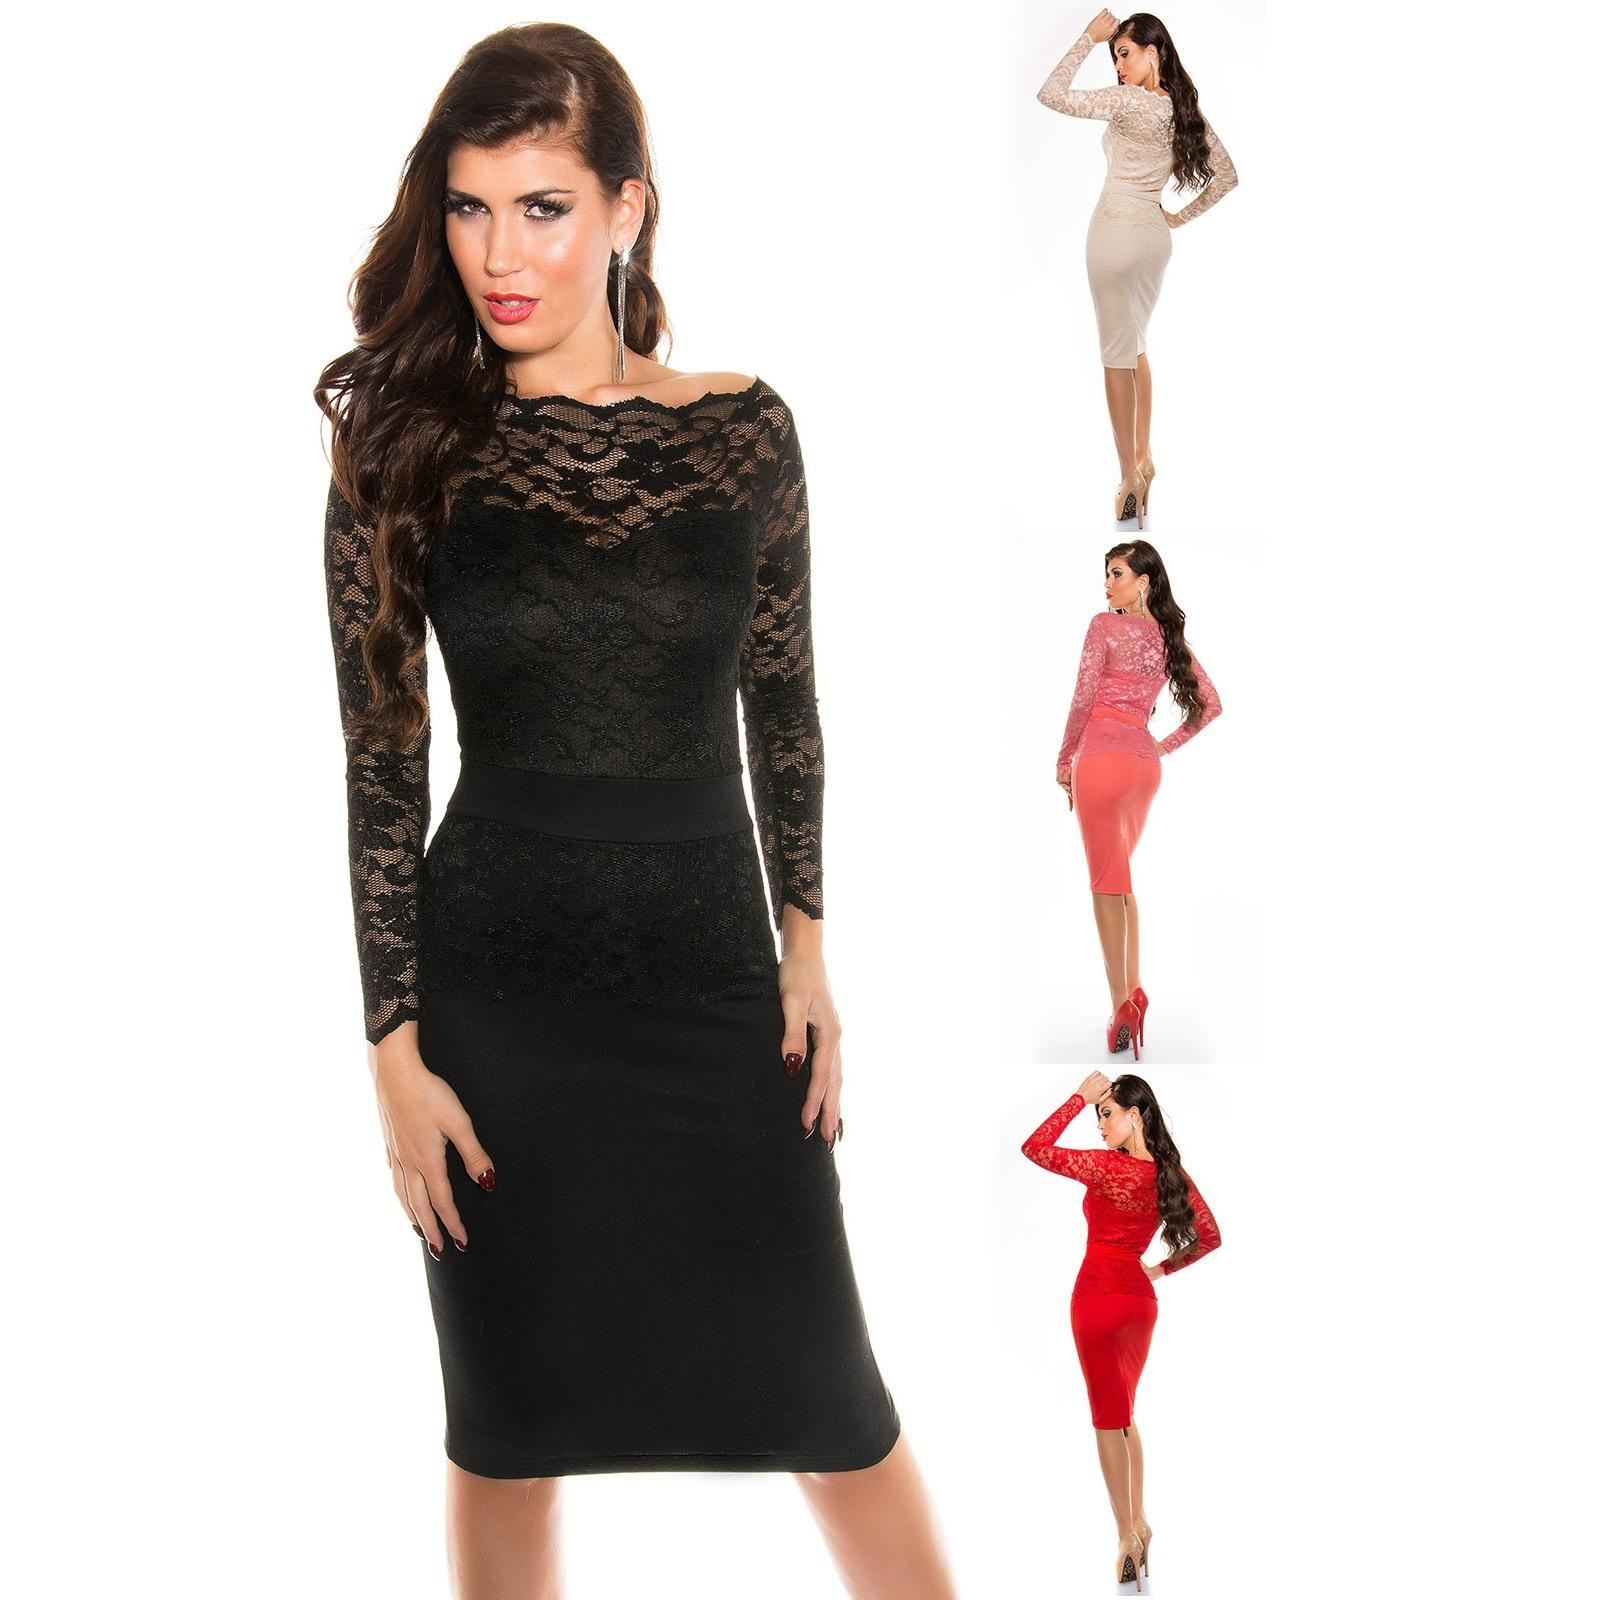 17 Spektakulär Damen Kleider Langarm SpezialgebietDesigner Schön Damen Kleider Langarm Design
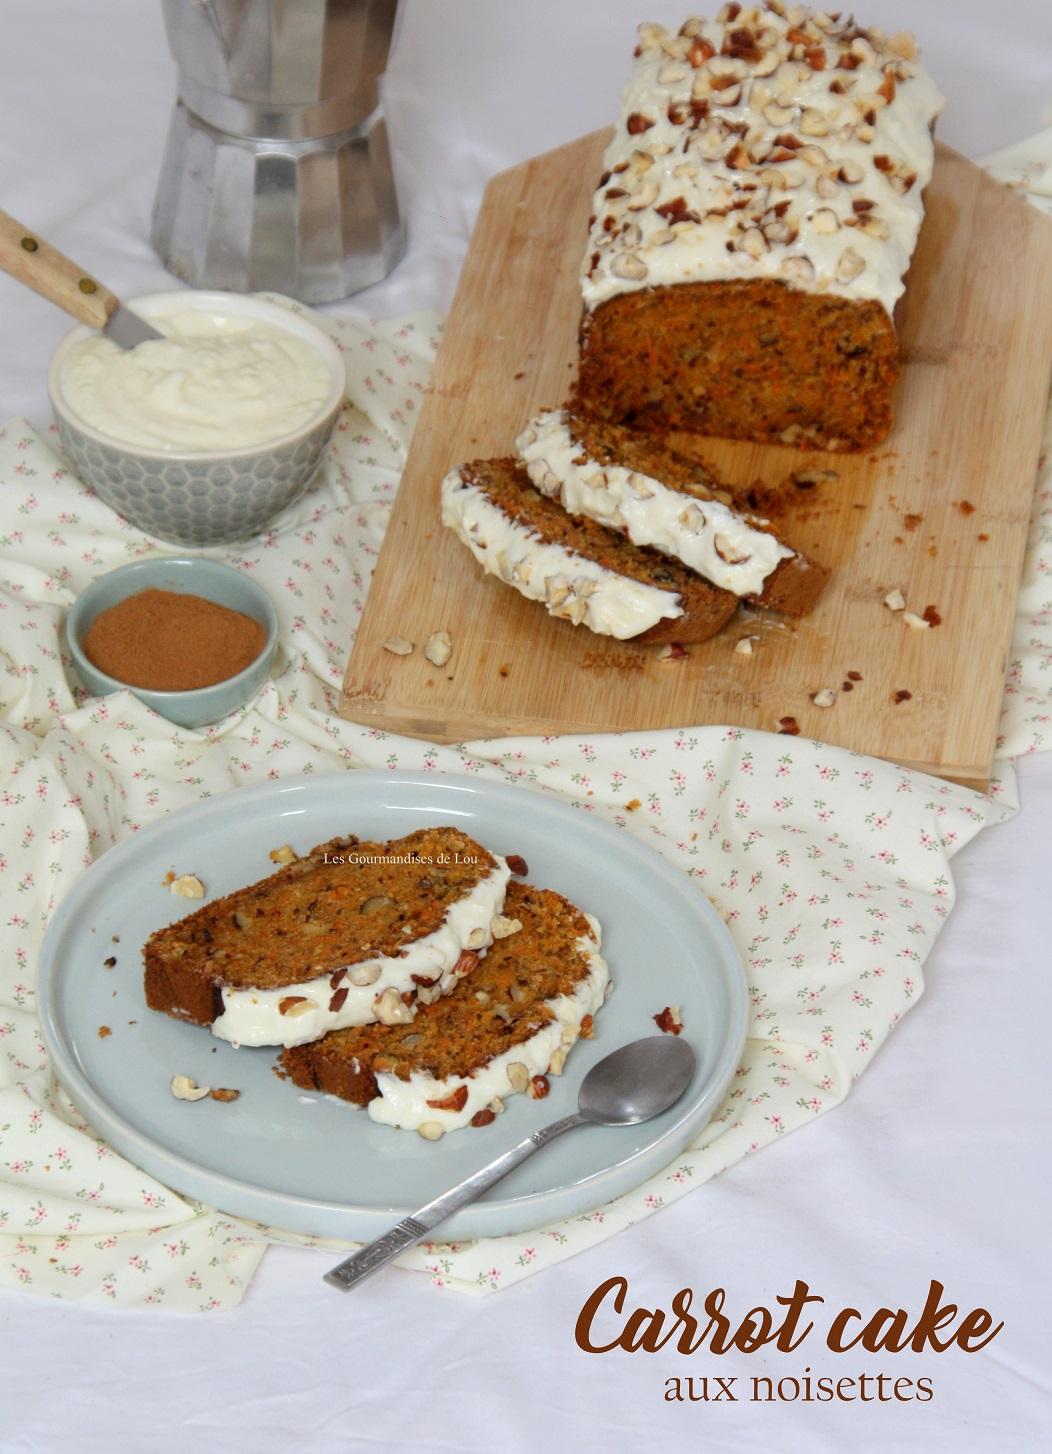 Carrot cake aux noisettes les gourmandises de lou - Recette carrot cake americain ...
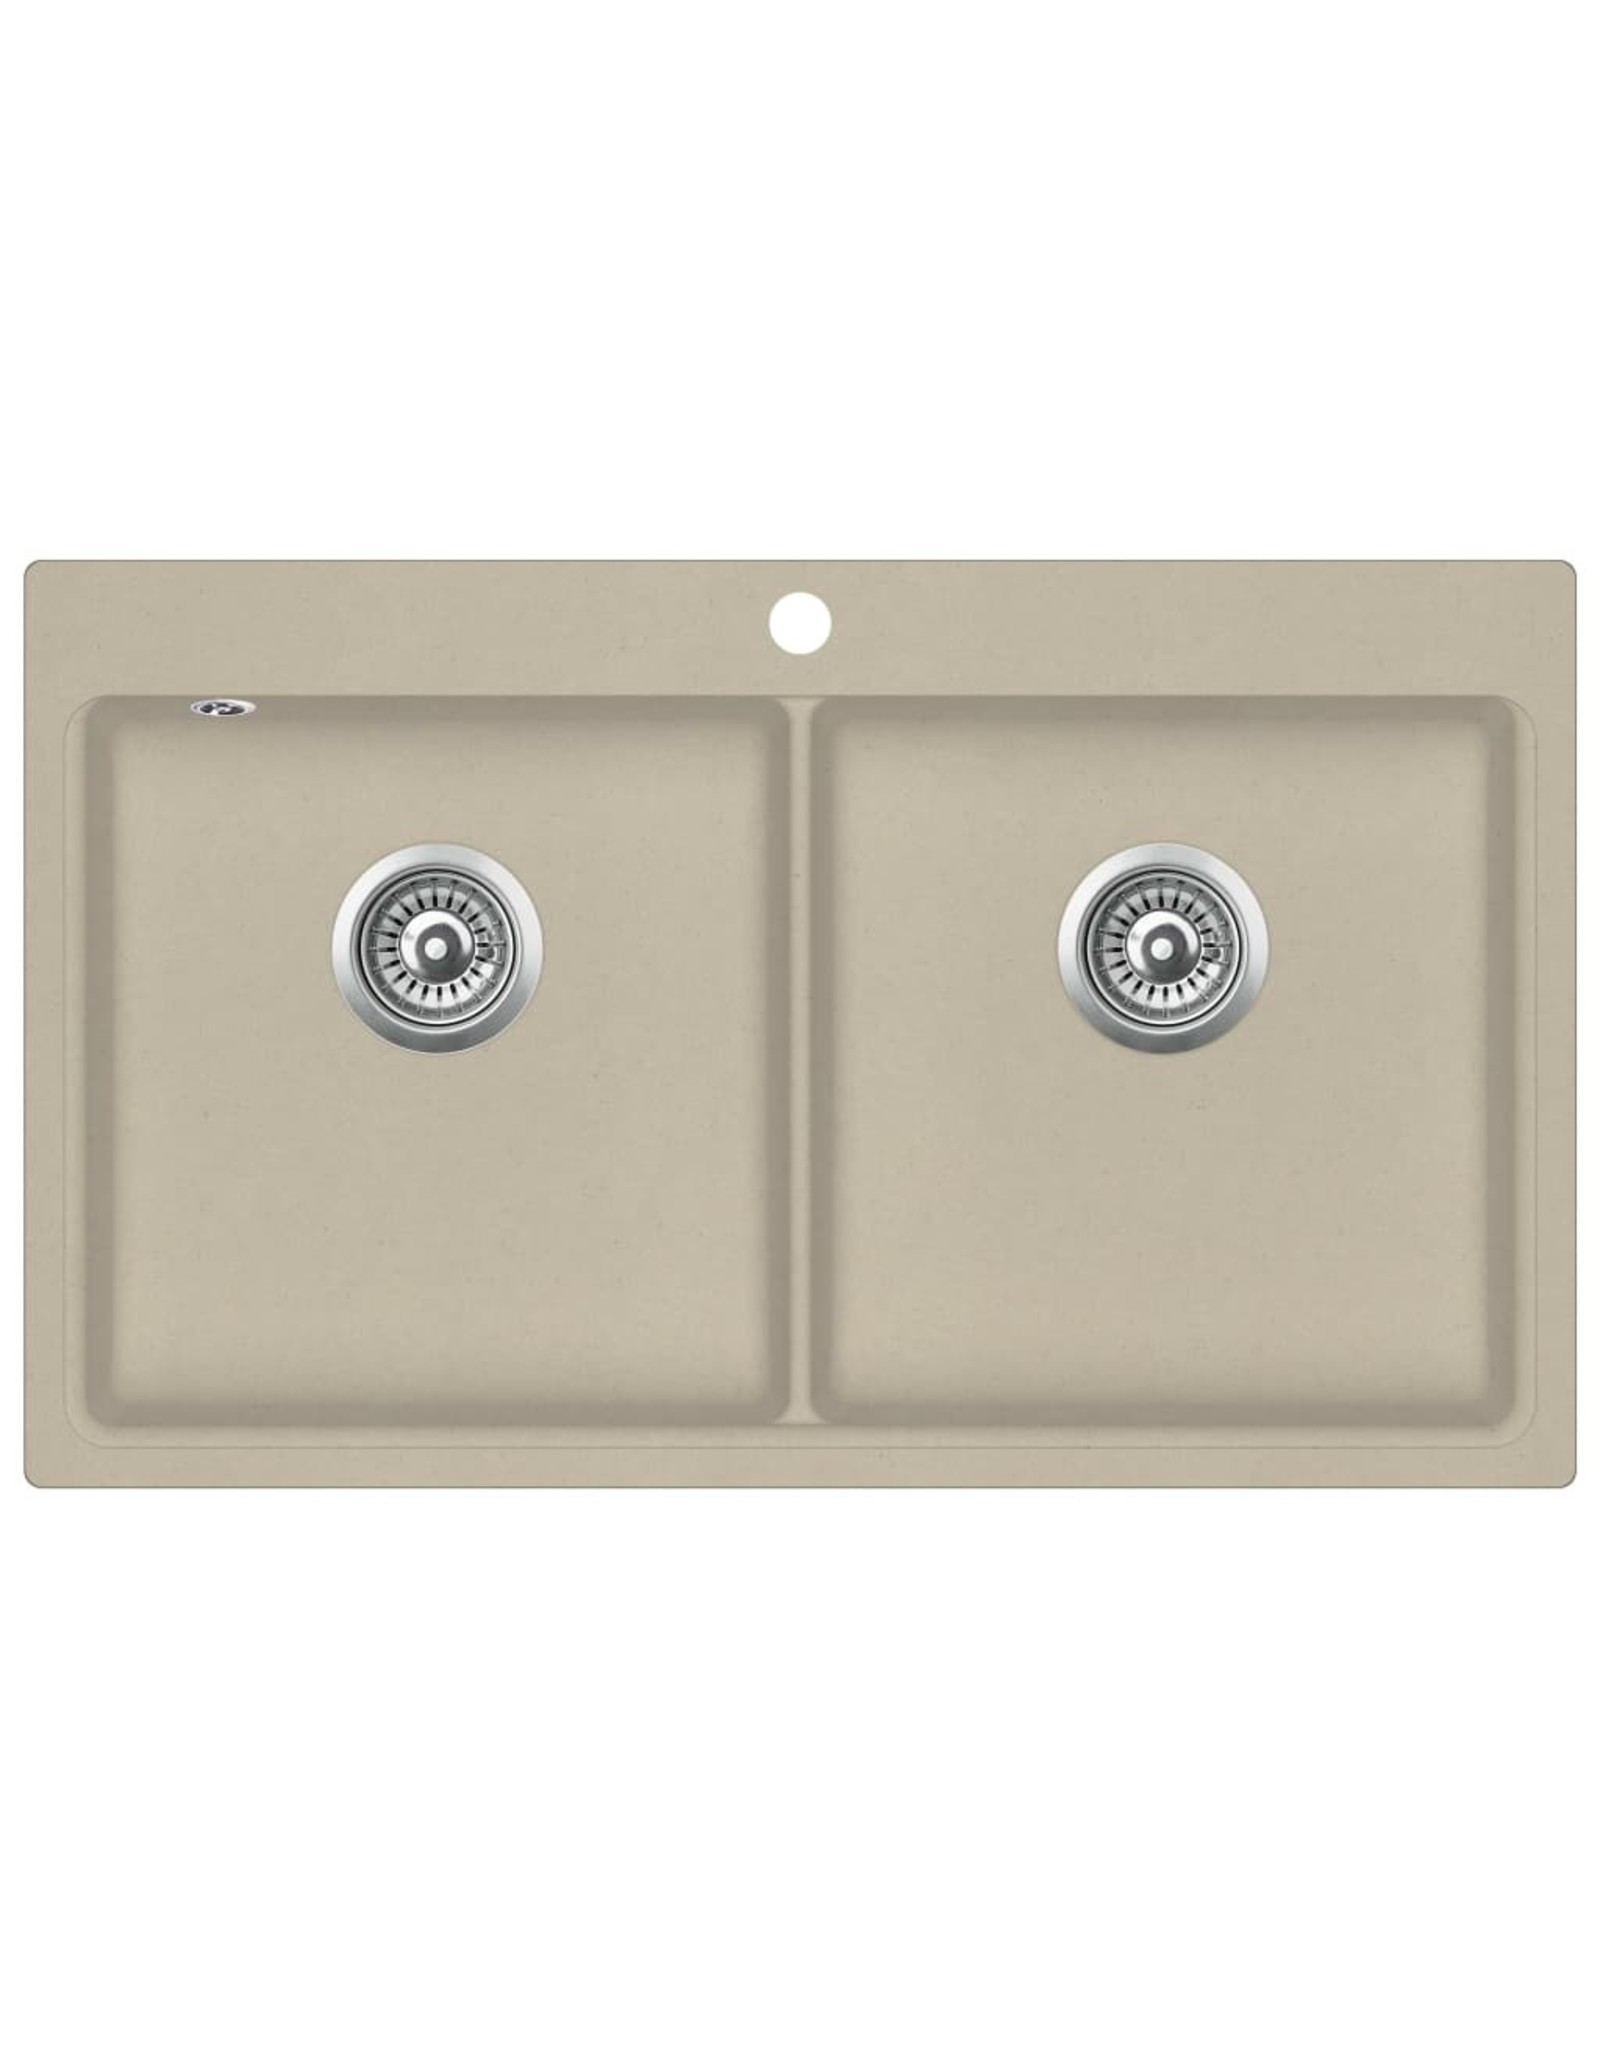 Gootsteen dubbele bakken graniet beige

■ ■ ■ ■

Your instructions: If pictures appear in the data, omit them and copy all other parts exactly.

Exercise response:
 17 Spektakulär Damen Kleider Langarm SpezialgebietDesigner Schön Damen Kleider Langarm Design
 Carrot cake aux noisettes les gourmandises de lou - Recette carrot cake americain ...
 Gootsteen dubbele bakken graniet beige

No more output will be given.